Your task is to copy the stretch of lines in the records below that begins with the line containing "Preisbeispiel H-Hotels Travel" and ends with the line containing "Cosmeti-Car", exactly as written, with nothing added.

Available data:
· · ·
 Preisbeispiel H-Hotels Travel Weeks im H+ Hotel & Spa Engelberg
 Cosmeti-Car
· · ·
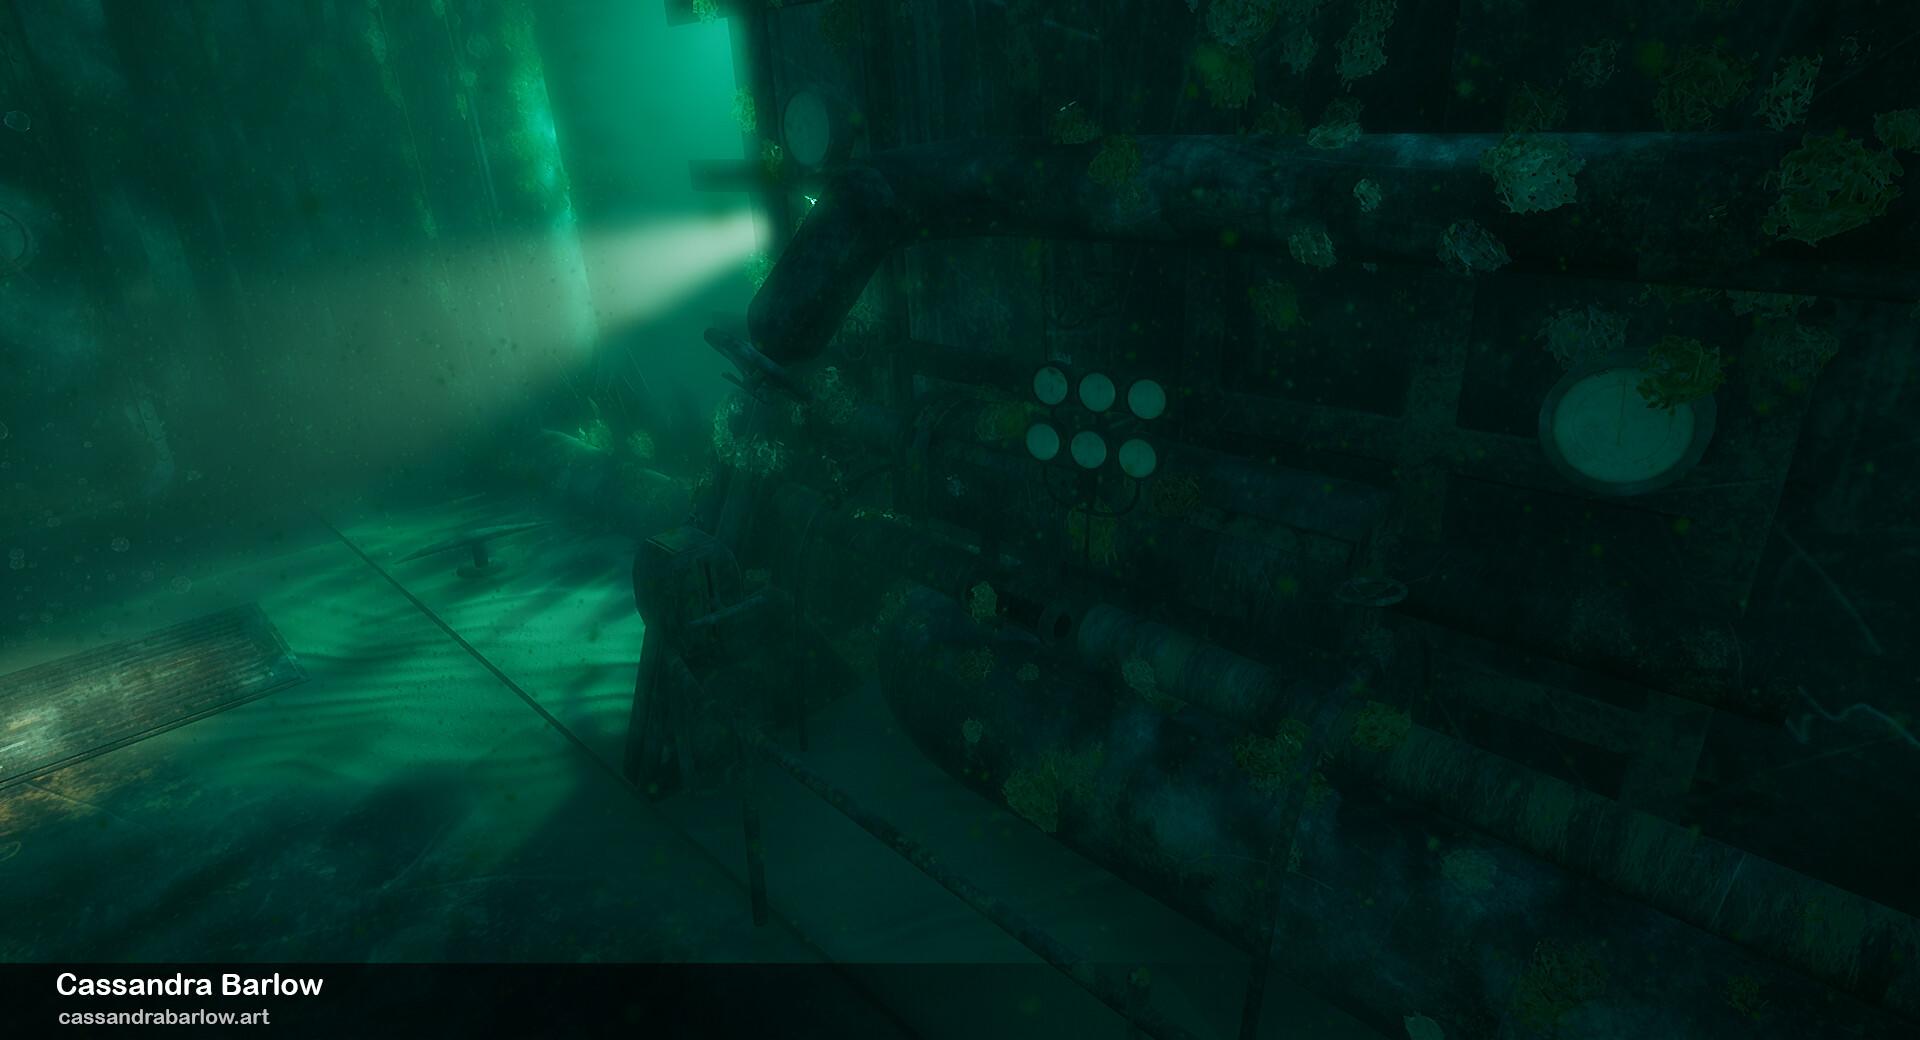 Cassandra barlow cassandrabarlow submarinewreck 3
· · ·
Exercise result:
 Preisbeispiel H-Hotels Travel Weeks im H+ Hotel & Spa Engelberg
 Cosmeti-Car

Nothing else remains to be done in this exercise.